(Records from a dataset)

══════

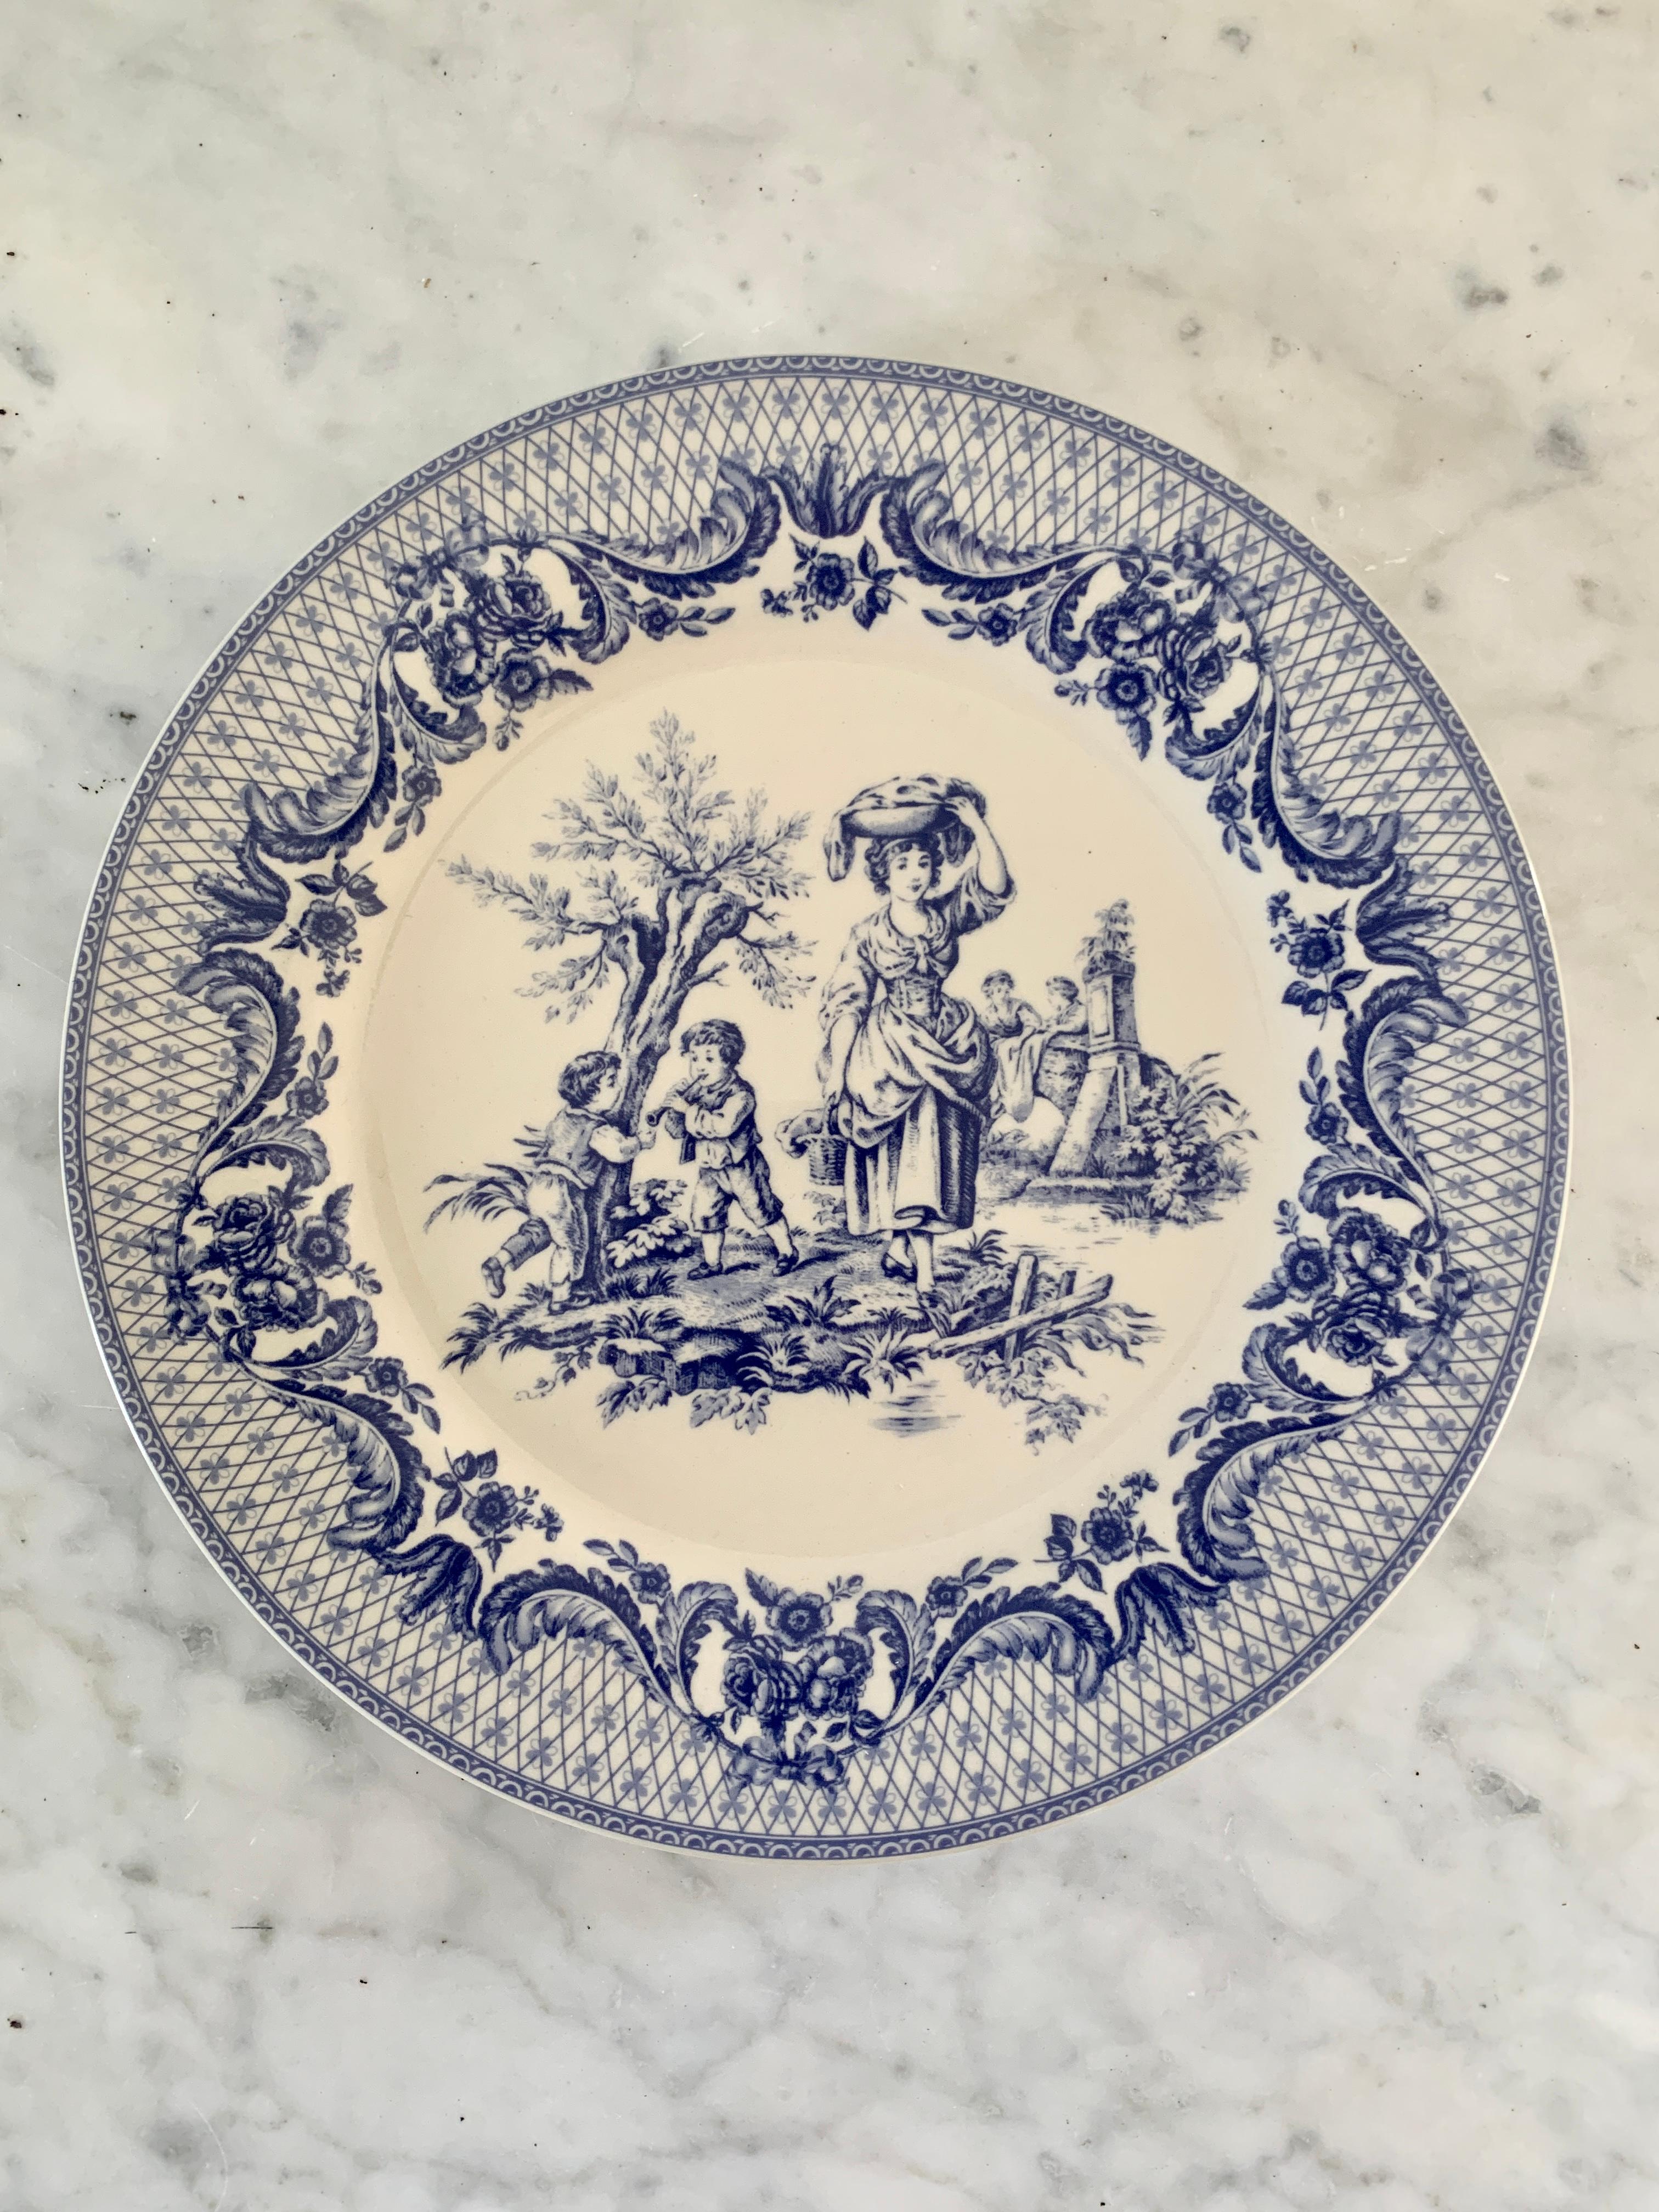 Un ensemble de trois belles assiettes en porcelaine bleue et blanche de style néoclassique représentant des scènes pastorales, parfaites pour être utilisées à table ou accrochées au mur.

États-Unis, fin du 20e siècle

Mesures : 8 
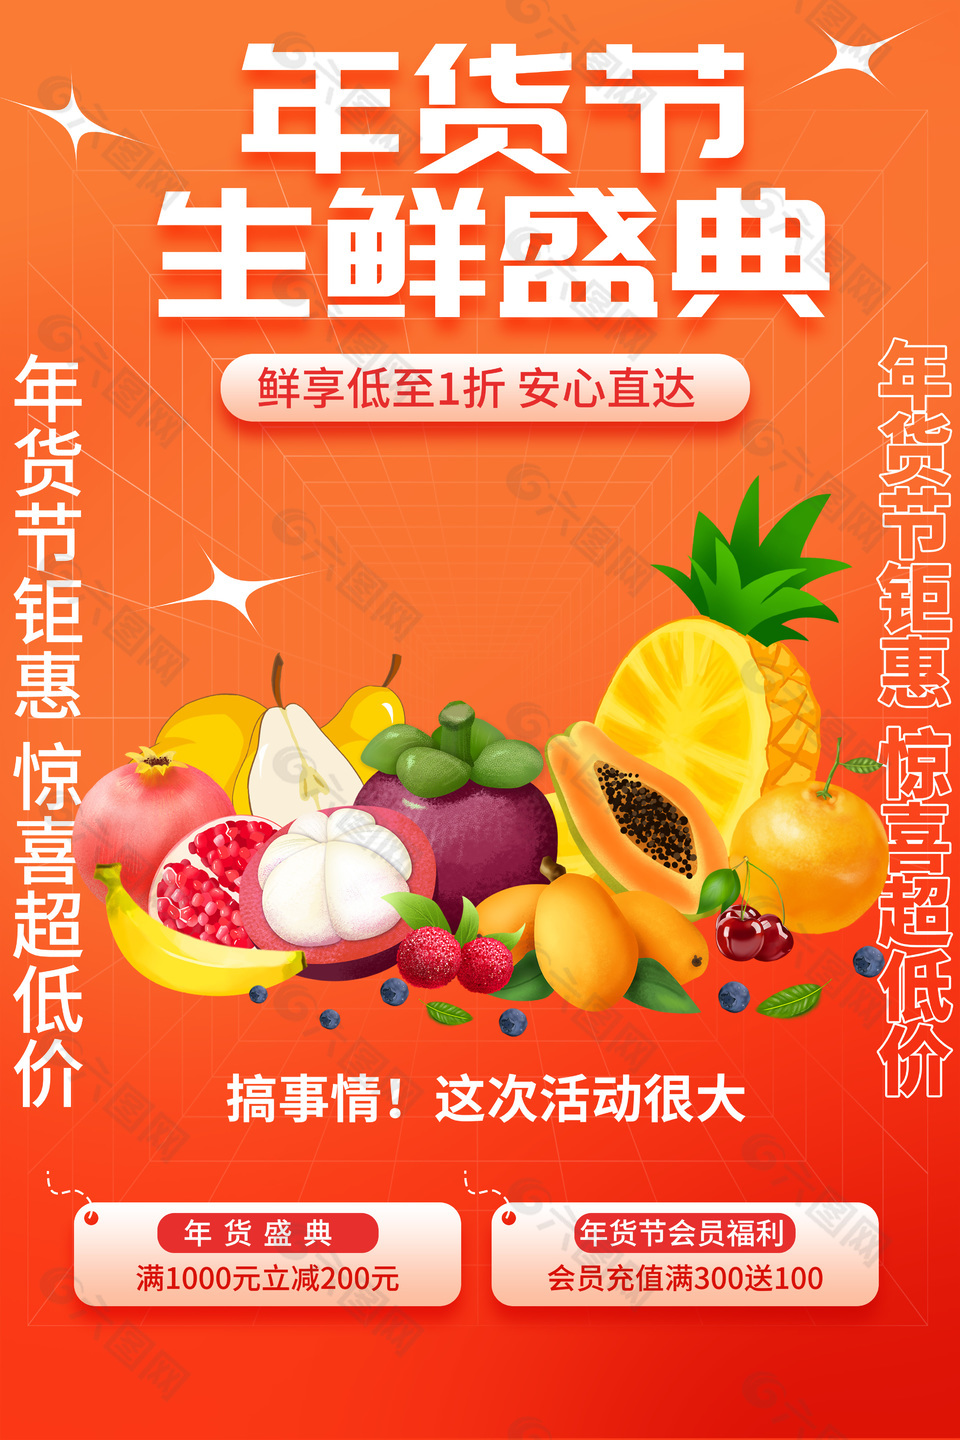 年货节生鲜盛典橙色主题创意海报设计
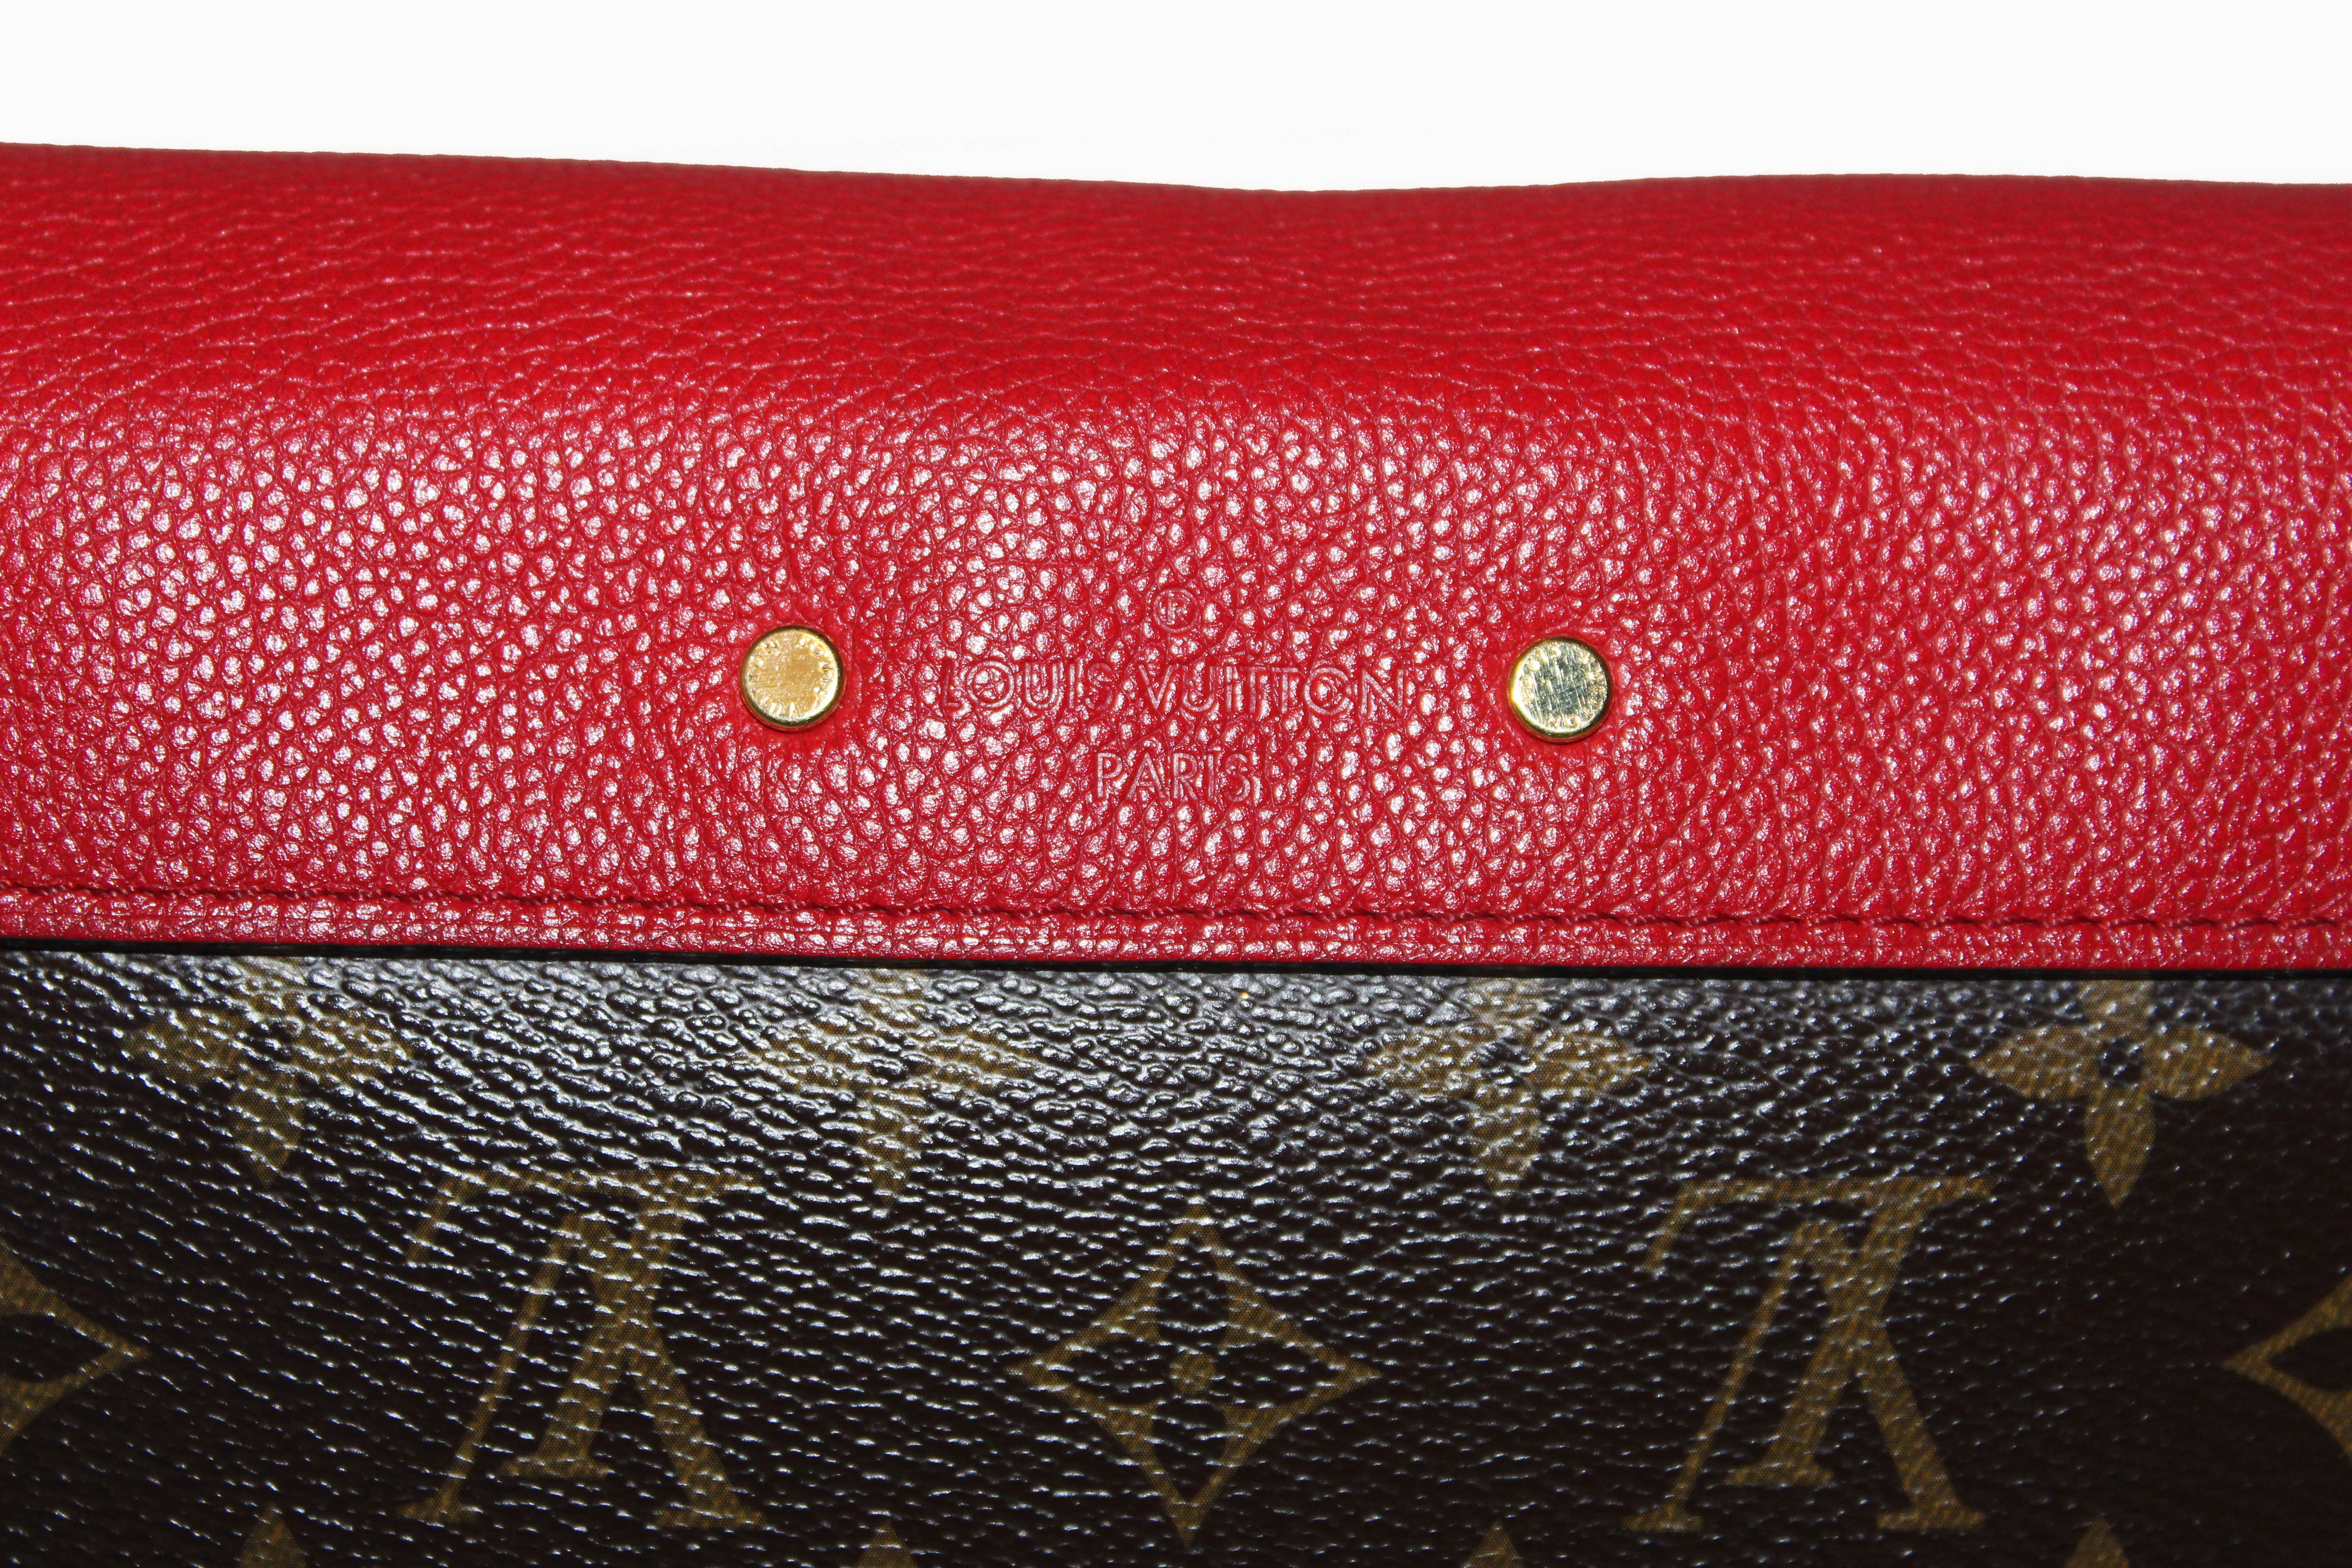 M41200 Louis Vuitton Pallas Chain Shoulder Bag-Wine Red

══════

Work item ::
Above are the records. Copy exactly, and only, the lines from the line containing "Mesures : 8" through the last one, omitting any pictures.

Result for this exercise ::
Mesures : 8 
 年货节生鲜盛典橙色主题创意海报设计
 M41200 Louis Vuitton Pallas Chain Shoulder Bag-Wine Red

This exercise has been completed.